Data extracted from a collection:
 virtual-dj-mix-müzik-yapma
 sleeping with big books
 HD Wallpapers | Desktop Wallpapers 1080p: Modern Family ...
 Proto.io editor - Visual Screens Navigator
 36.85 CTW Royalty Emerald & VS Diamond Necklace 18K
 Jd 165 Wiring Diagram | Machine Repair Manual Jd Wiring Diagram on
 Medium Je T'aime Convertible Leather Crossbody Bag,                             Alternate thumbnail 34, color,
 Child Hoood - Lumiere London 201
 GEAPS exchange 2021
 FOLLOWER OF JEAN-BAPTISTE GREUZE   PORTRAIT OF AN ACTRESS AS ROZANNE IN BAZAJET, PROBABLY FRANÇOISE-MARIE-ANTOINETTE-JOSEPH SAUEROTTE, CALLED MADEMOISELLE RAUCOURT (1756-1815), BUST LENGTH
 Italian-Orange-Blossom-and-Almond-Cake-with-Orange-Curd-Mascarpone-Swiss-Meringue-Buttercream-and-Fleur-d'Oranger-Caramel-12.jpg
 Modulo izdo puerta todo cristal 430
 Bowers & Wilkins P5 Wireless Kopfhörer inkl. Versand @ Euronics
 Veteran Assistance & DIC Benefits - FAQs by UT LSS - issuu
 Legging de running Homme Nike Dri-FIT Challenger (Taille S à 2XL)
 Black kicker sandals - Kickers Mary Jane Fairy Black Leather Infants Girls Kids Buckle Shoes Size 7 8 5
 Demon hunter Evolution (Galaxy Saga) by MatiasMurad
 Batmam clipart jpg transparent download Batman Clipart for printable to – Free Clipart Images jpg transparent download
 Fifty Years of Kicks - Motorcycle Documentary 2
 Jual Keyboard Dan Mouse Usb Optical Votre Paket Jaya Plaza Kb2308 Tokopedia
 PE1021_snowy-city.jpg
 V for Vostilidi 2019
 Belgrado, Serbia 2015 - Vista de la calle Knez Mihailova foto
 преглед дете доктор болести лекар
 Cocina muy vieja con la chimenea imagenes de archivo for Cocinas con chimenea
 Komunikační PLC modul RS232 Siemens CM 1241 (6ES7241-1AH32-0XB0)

About this exercise - Each line from the one containing "Jual Keyboard Dan" to the end of the entries above should be copied exactly, and no other line.

Task answer -
 Jual Keyboard Dan Mouse Usb Optical Votre Paket Jaya Plaza Kb2308 Tokopedia
 PE1021_snowy-city.jpg
 V for Vostilidi 2019
 Belgrado, Serbia 2015 - Vista de la calle Knez Mihailova foto
 преглед дете доктор болести лекар
 Cocina muy vieja con la chimenea imagenes de archivo for Cocinas con chimenea
 Komunikační PLC modul RS232 Siemens CM 1241 (6ES7241-1AH32-0XB0)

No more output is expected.